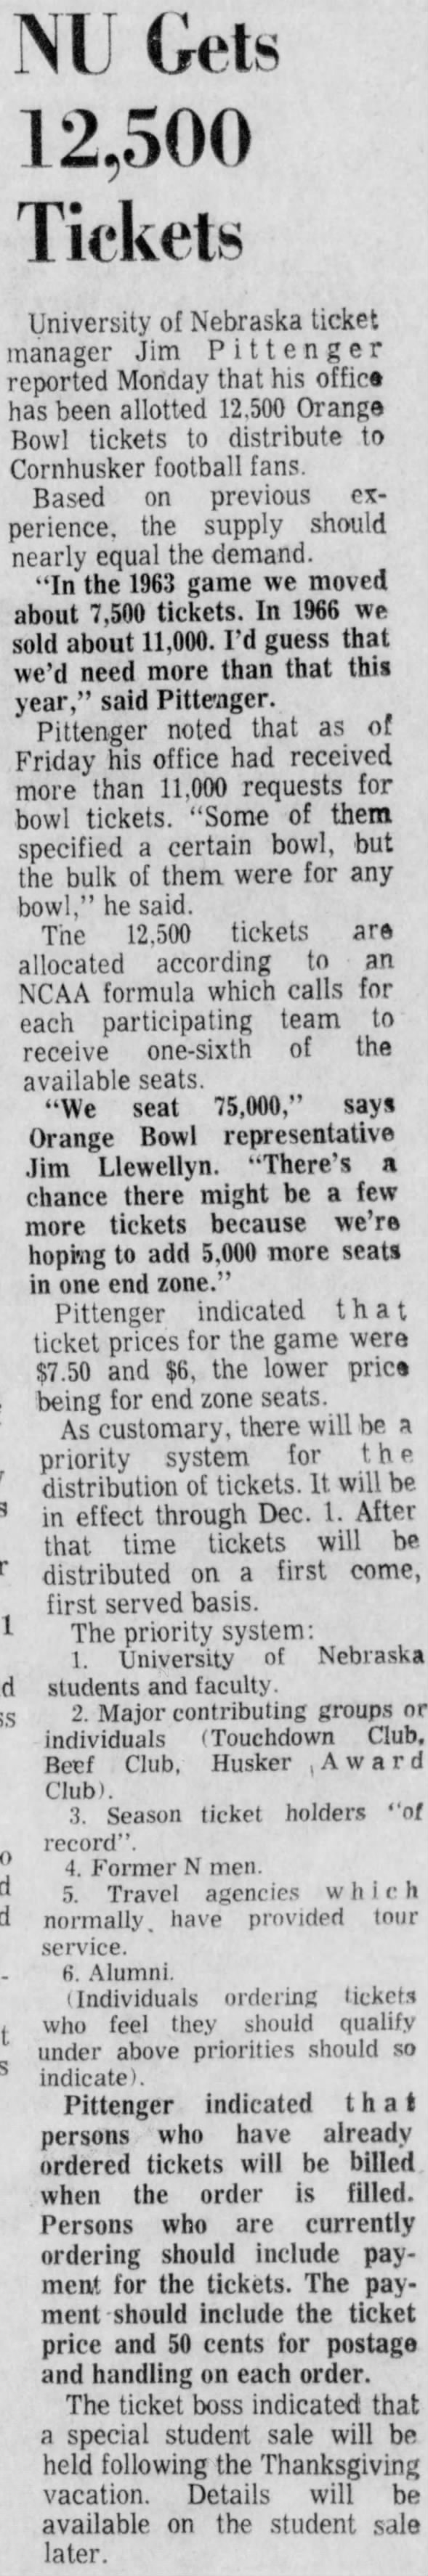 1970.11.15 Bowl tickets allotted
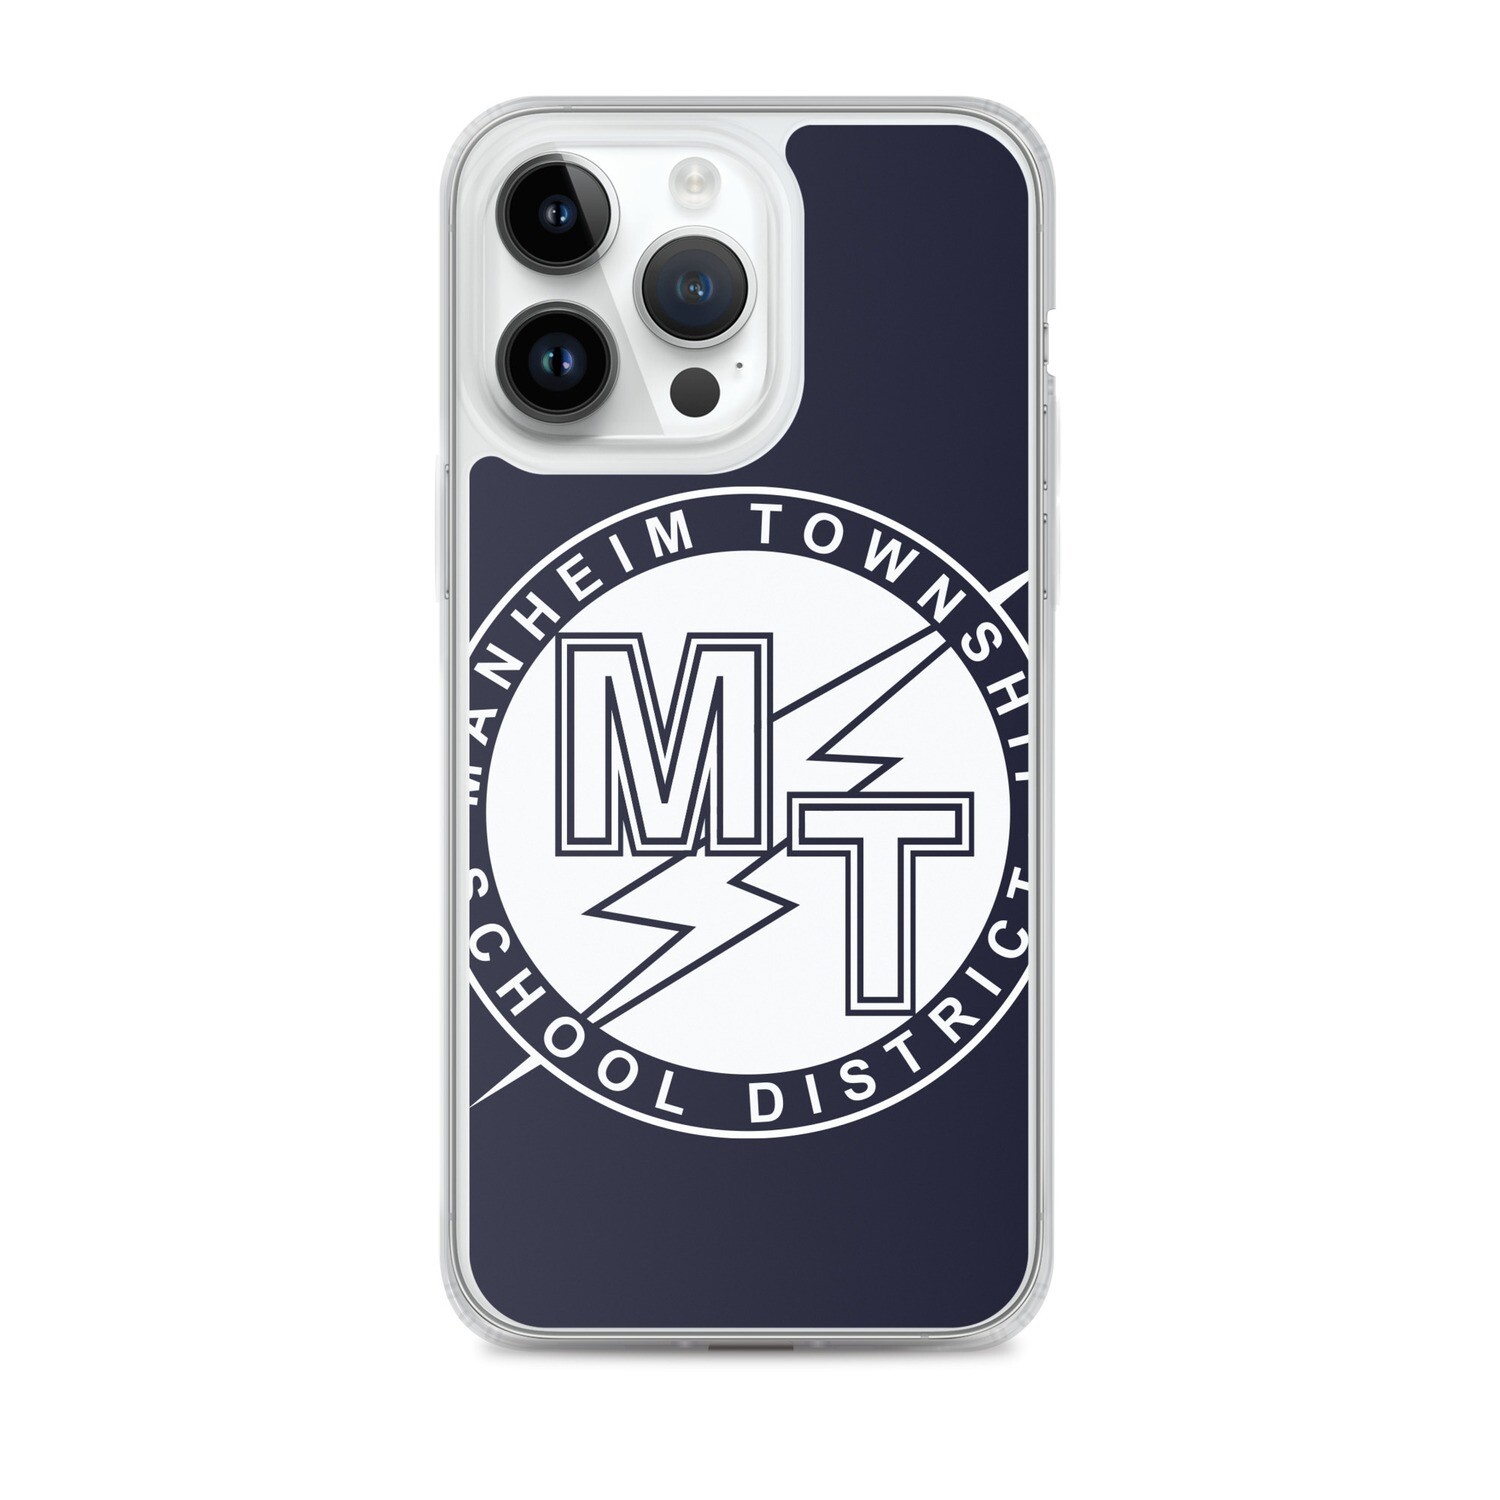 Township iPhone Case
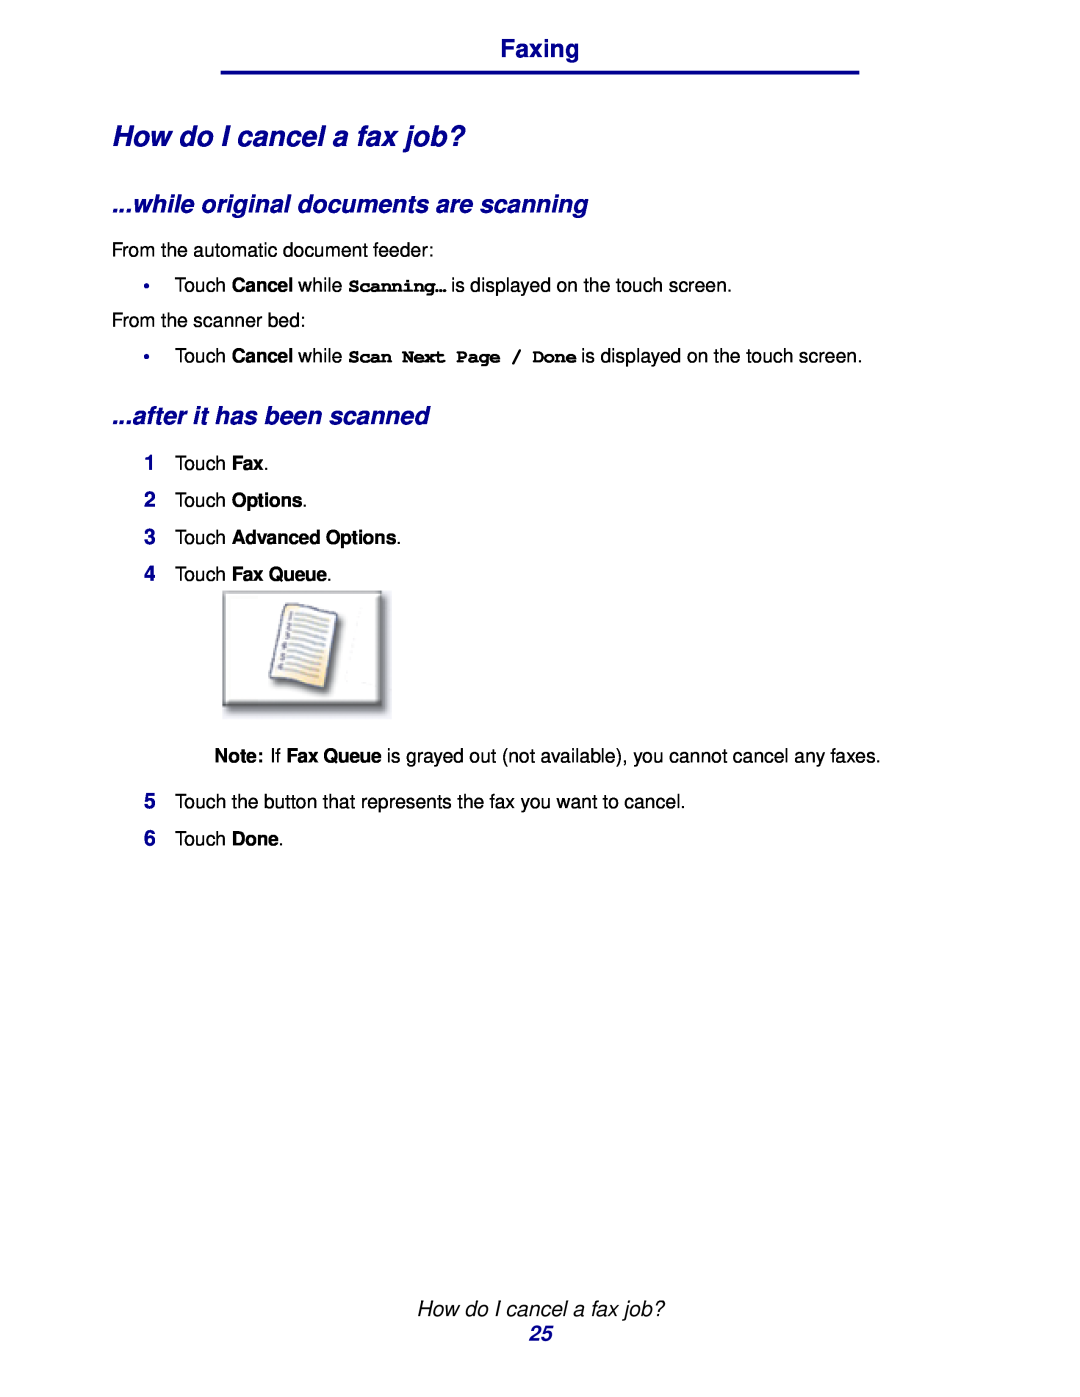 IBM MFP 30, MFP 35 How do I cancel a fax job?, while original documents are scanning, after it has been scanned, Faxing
..............................
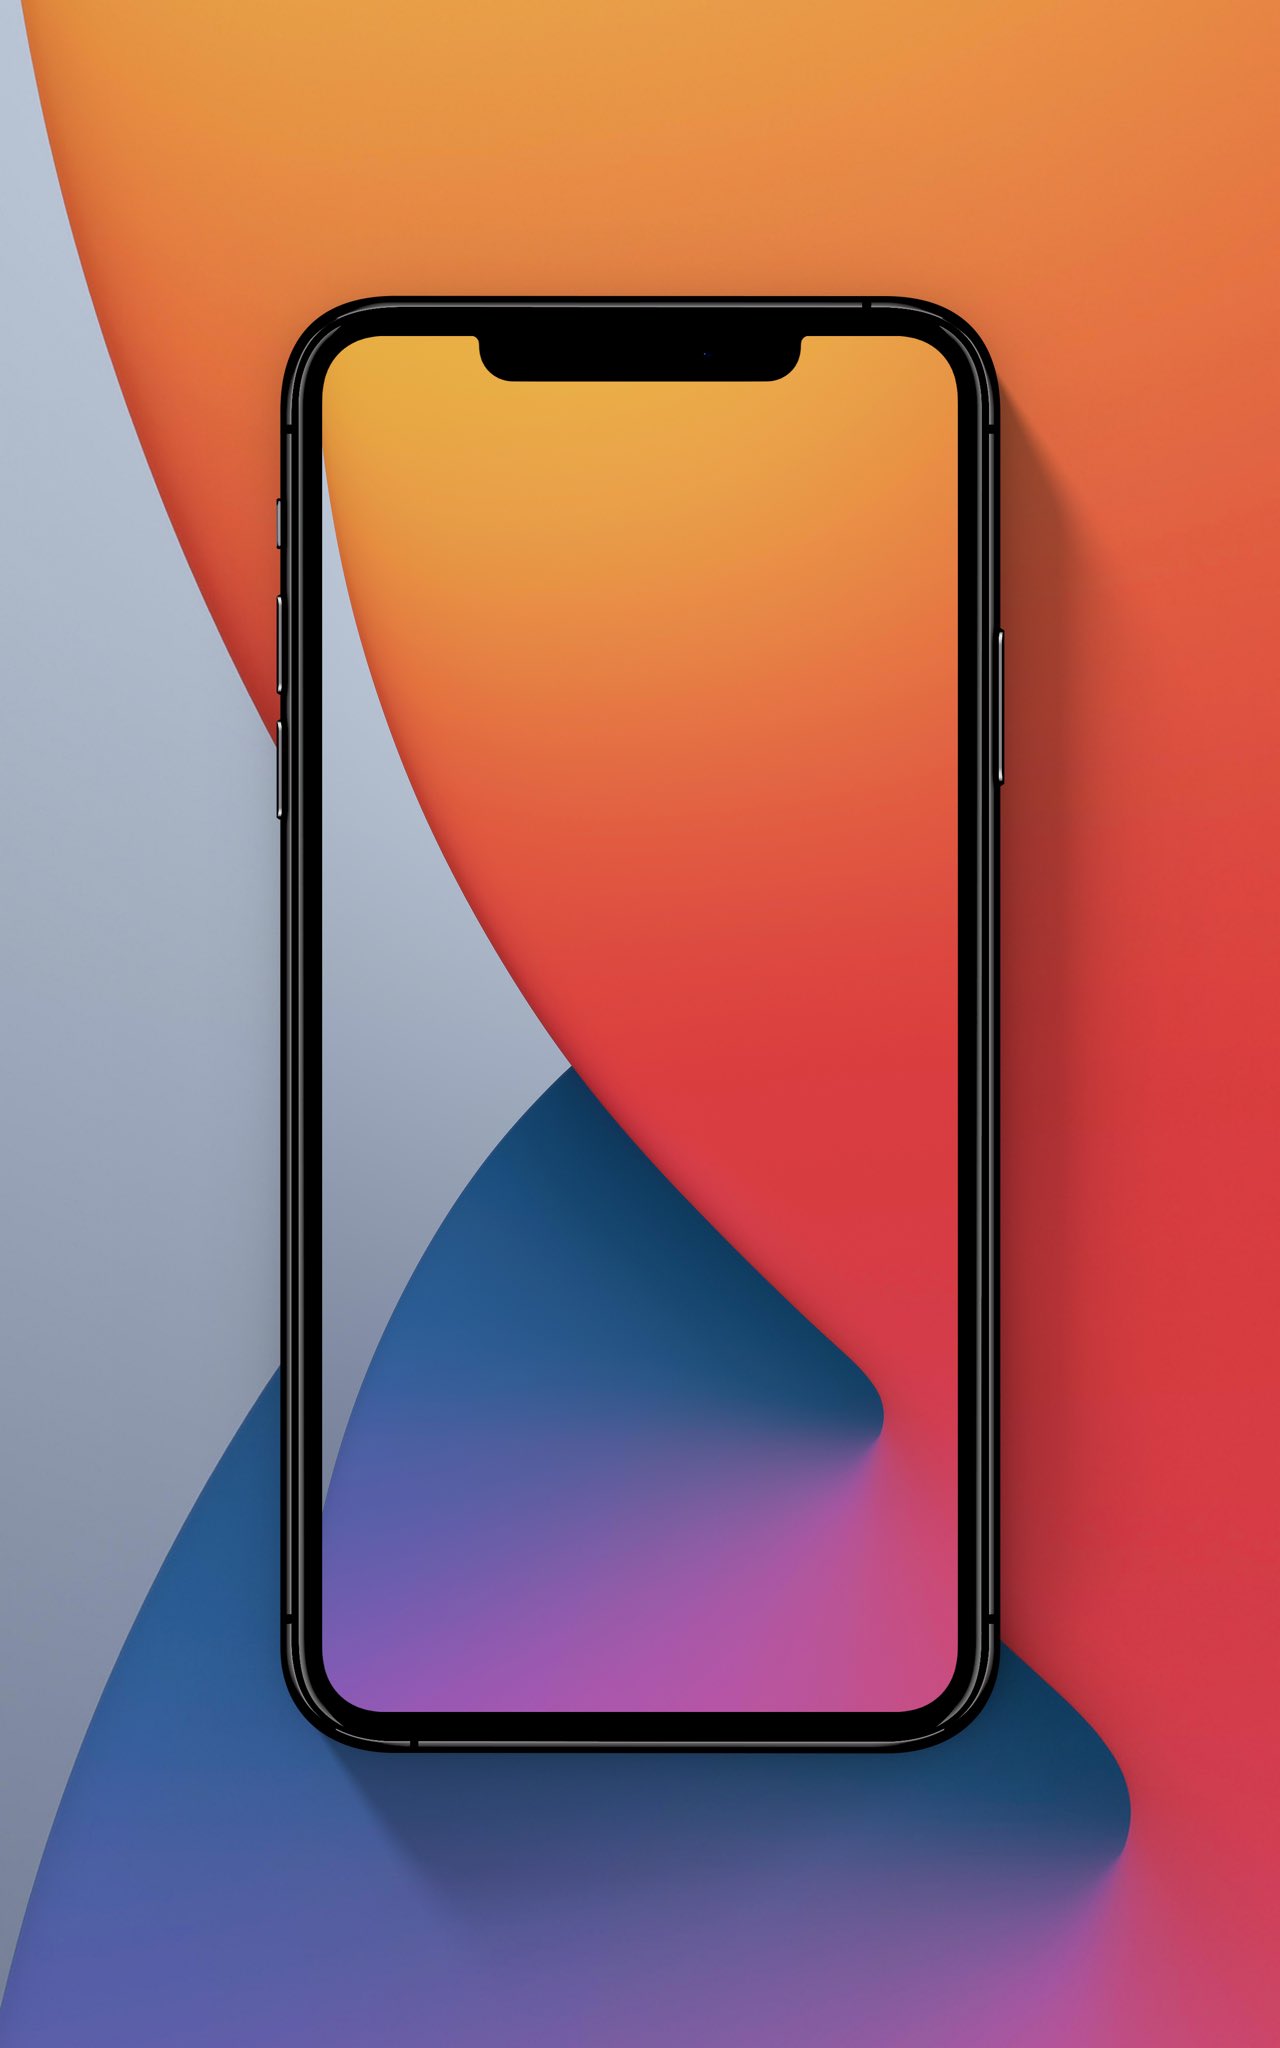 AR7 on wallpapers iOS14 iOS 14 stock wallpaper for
..............................
From the records above, copy only the lines running from the line containing "1970.11.15 Bowl tickets allotted" to the line containing "IBM MFP 30, MFP", both ends included. Leave the pictures out.

**TASK ANSWER:**
 1970.11.15 Bowl tickets allotted
 Township iPhone Case
 IBM MFP 30, MFP 35 How do I cancel a fax job?, while original documents are scanning, after it has been scanned, Faxing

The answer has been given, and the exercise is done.